* **Source data**:
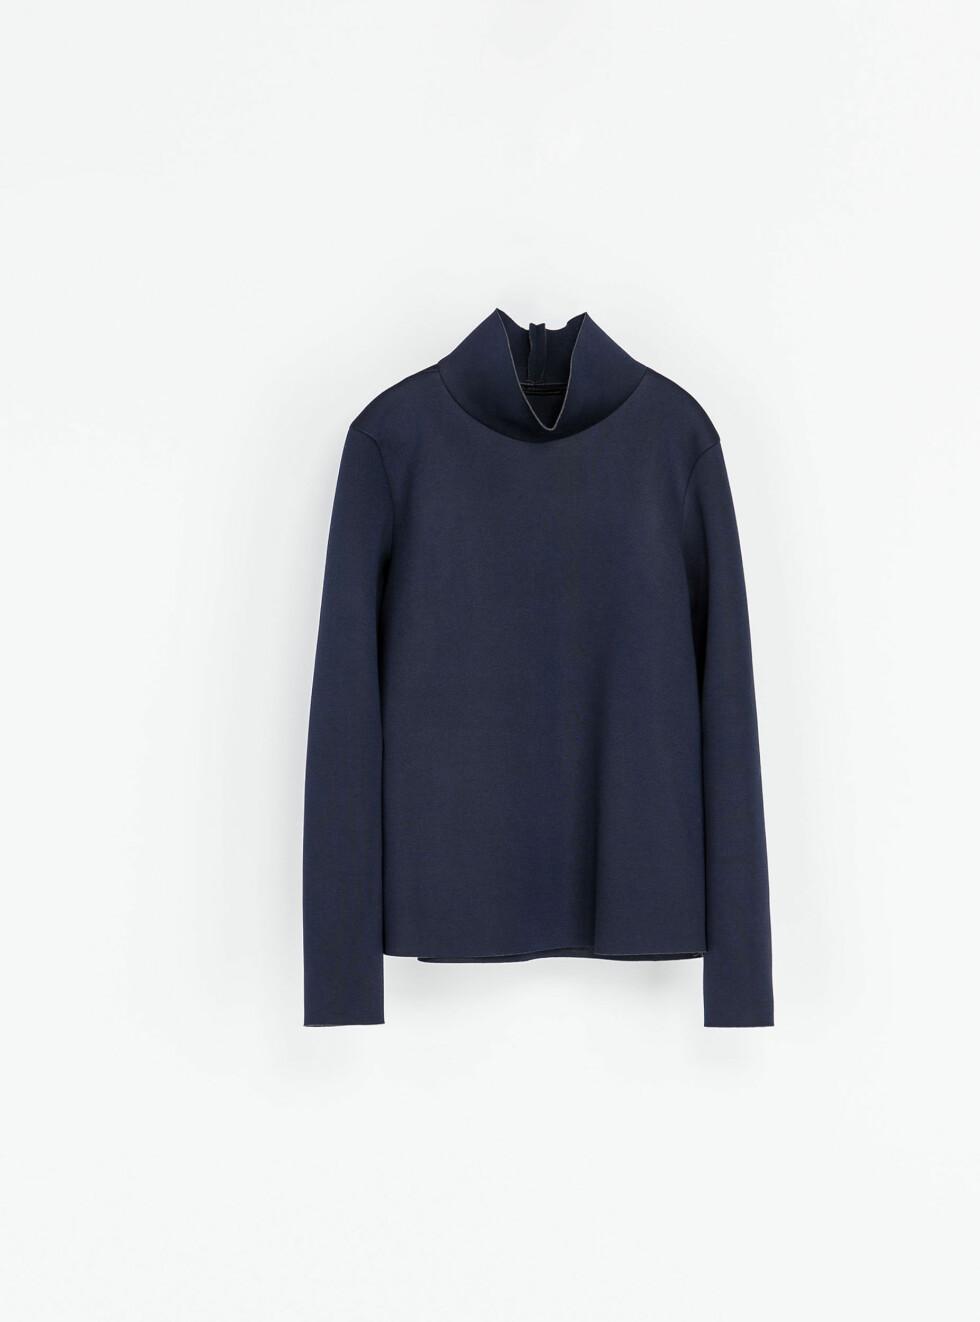 Kr 700, Zara.
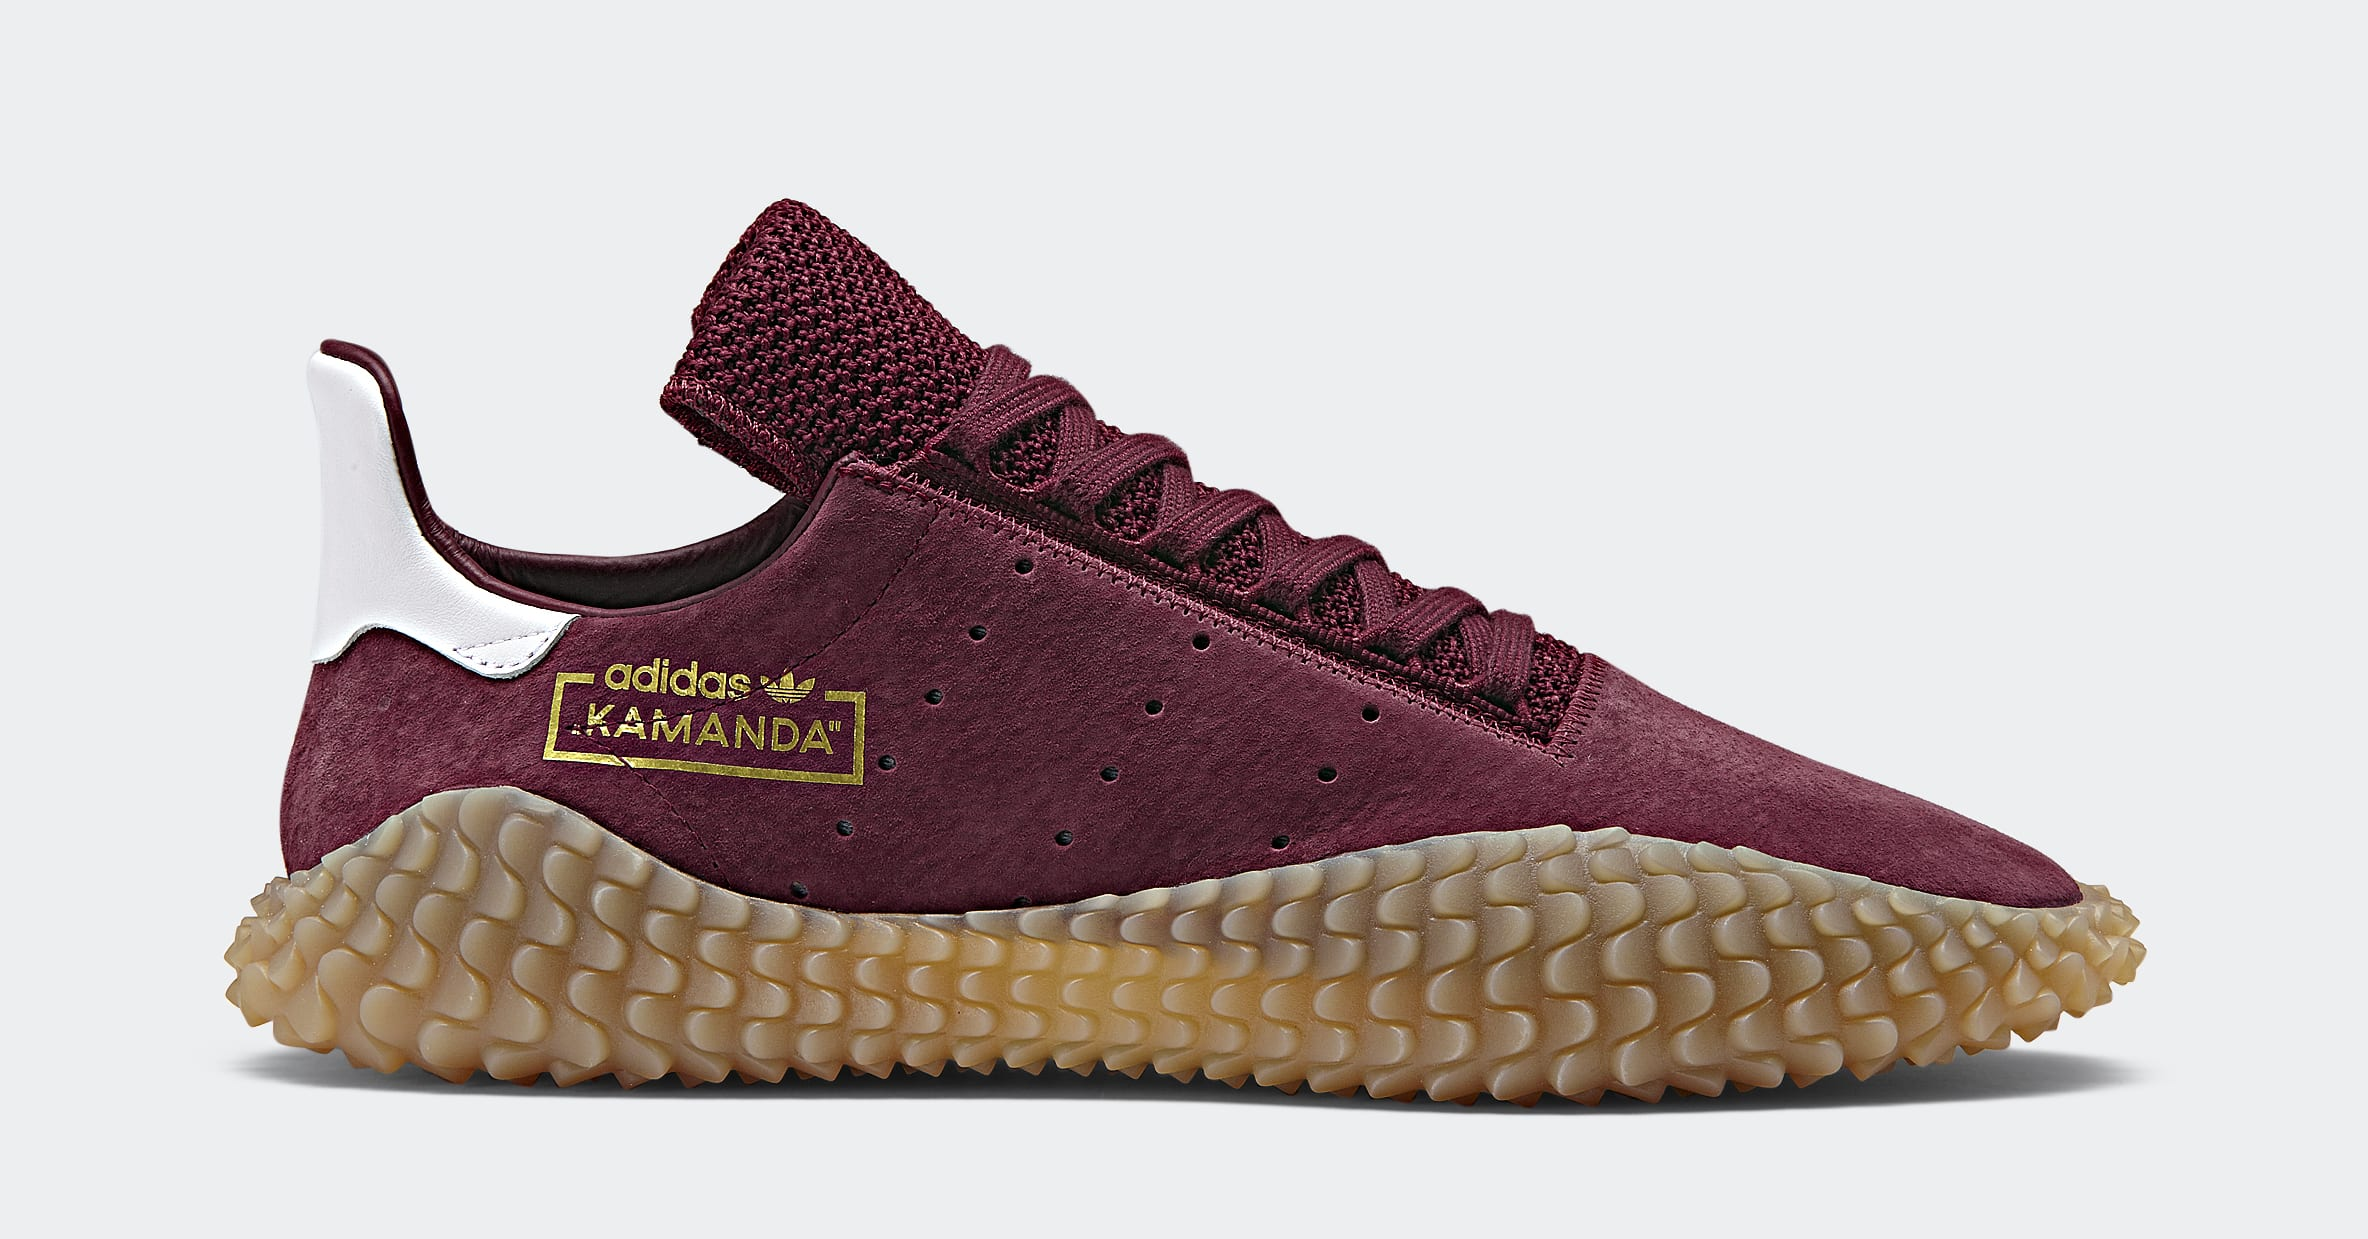 Adidas Kamanda 'Collegiate Burgundy/Gum' CQ2219 (Lateral)
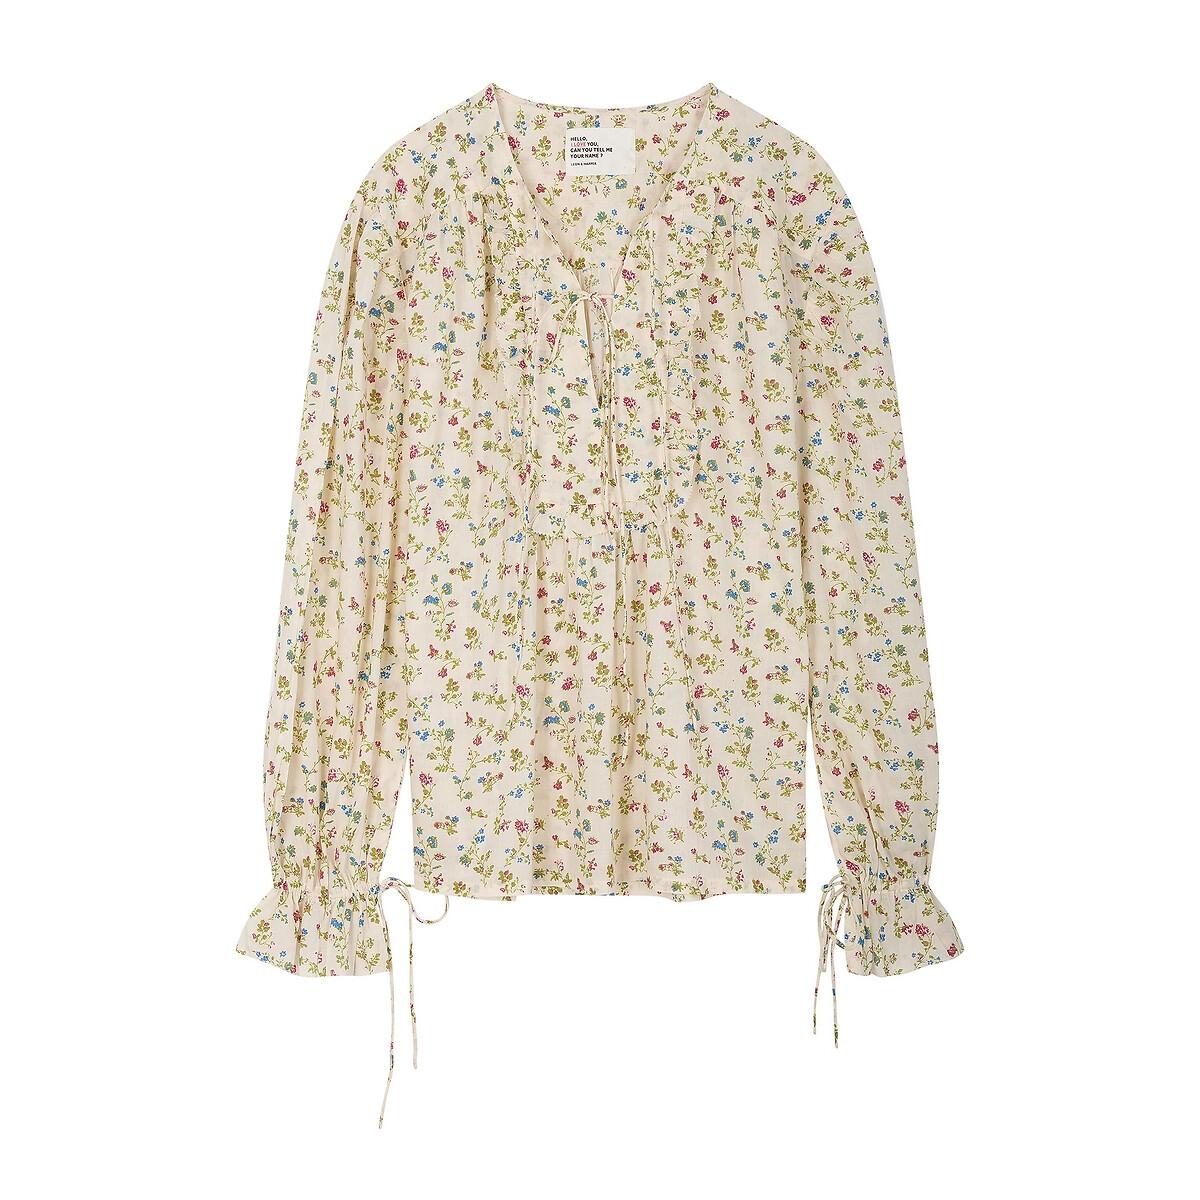 Блузка La Redoute С принтом из биохлопка CHOUPETTE XS бежевый блузка lime блузка с завязками
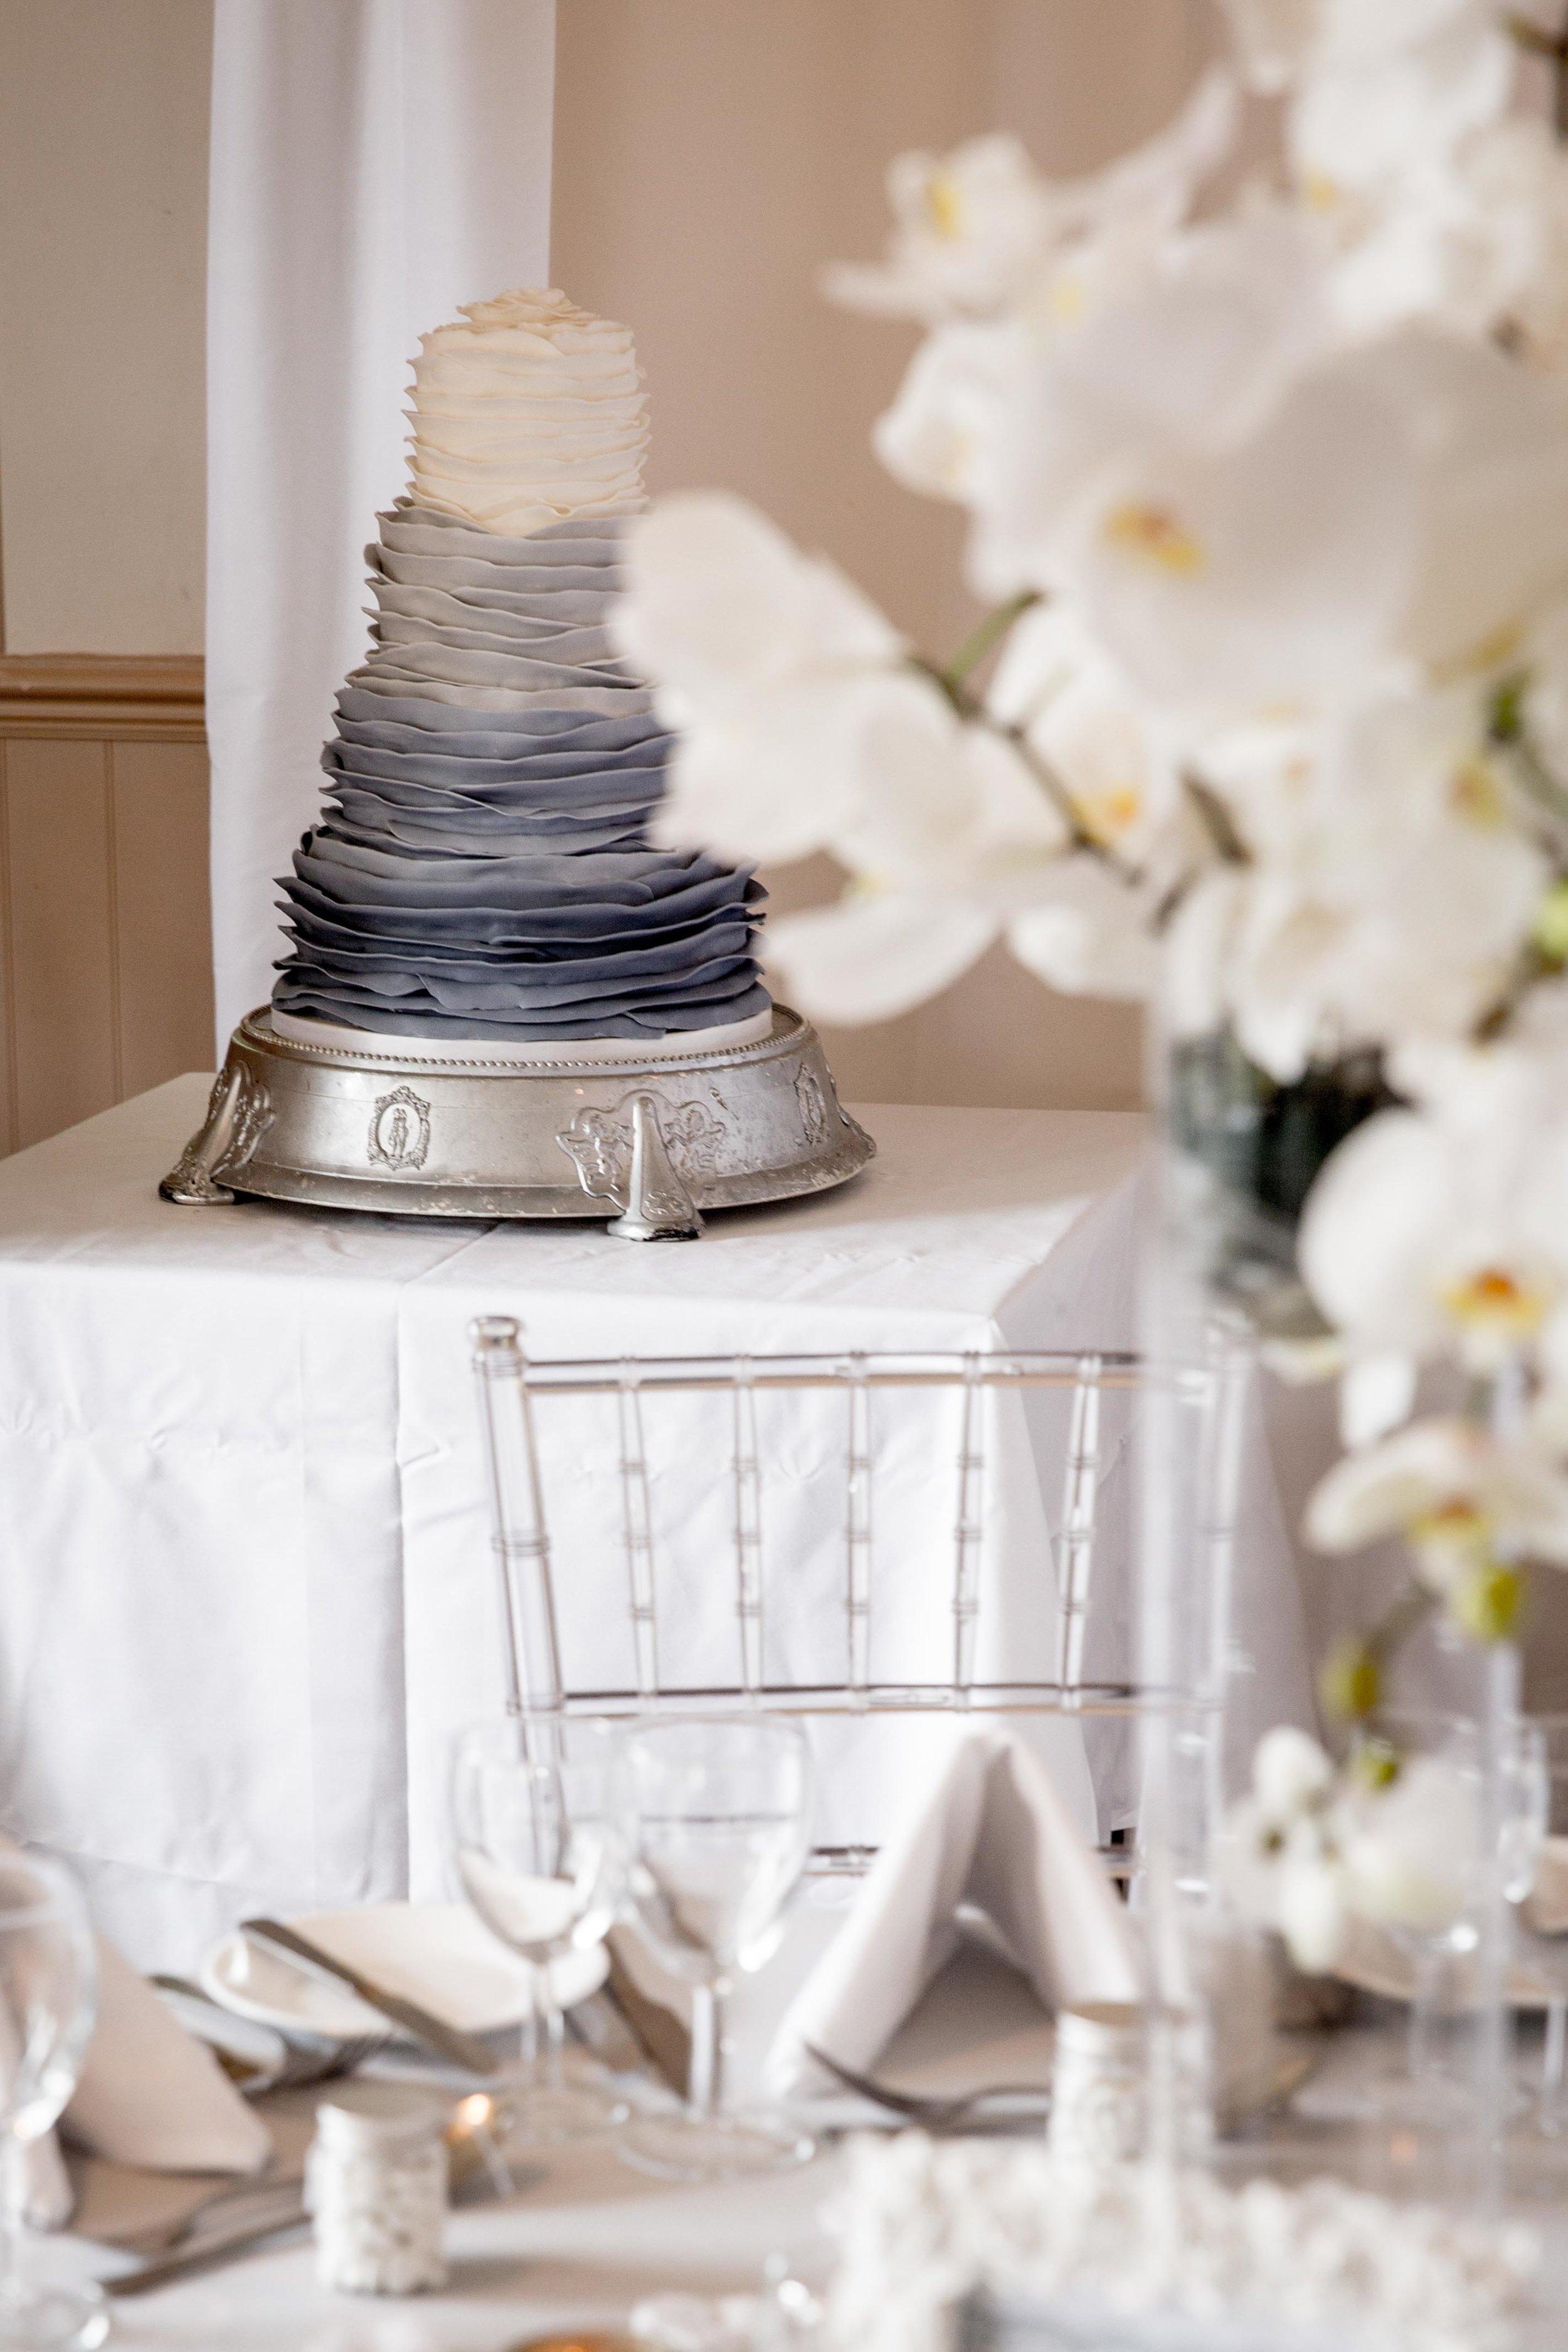 cotswold-wedding-photography-at-stonehouse-court-hotel-natalia-smith-photography-gloucestershire-wedding-photographer-73.jpg

* **Exercise description**: Reproduce word for word only the lines between the line containing "Adidas Kamanda 'Collegiate" and the end of the listing above, both included, and drop any pictures.

* **Written solution**:
 Adidas Kamanda 'Collegiate Burgundy/Gum' CQ2219 (Lateral)
 Блузка La Redoute С принтом из биохлопка CHOUPETTE XS бежевый блузка lime блузка с завязками
 cotswold-wedding-photography-at-stonehouse-court-hotel-natalia-smith-photography-gloucestershire-wedding-photographer-73.jpg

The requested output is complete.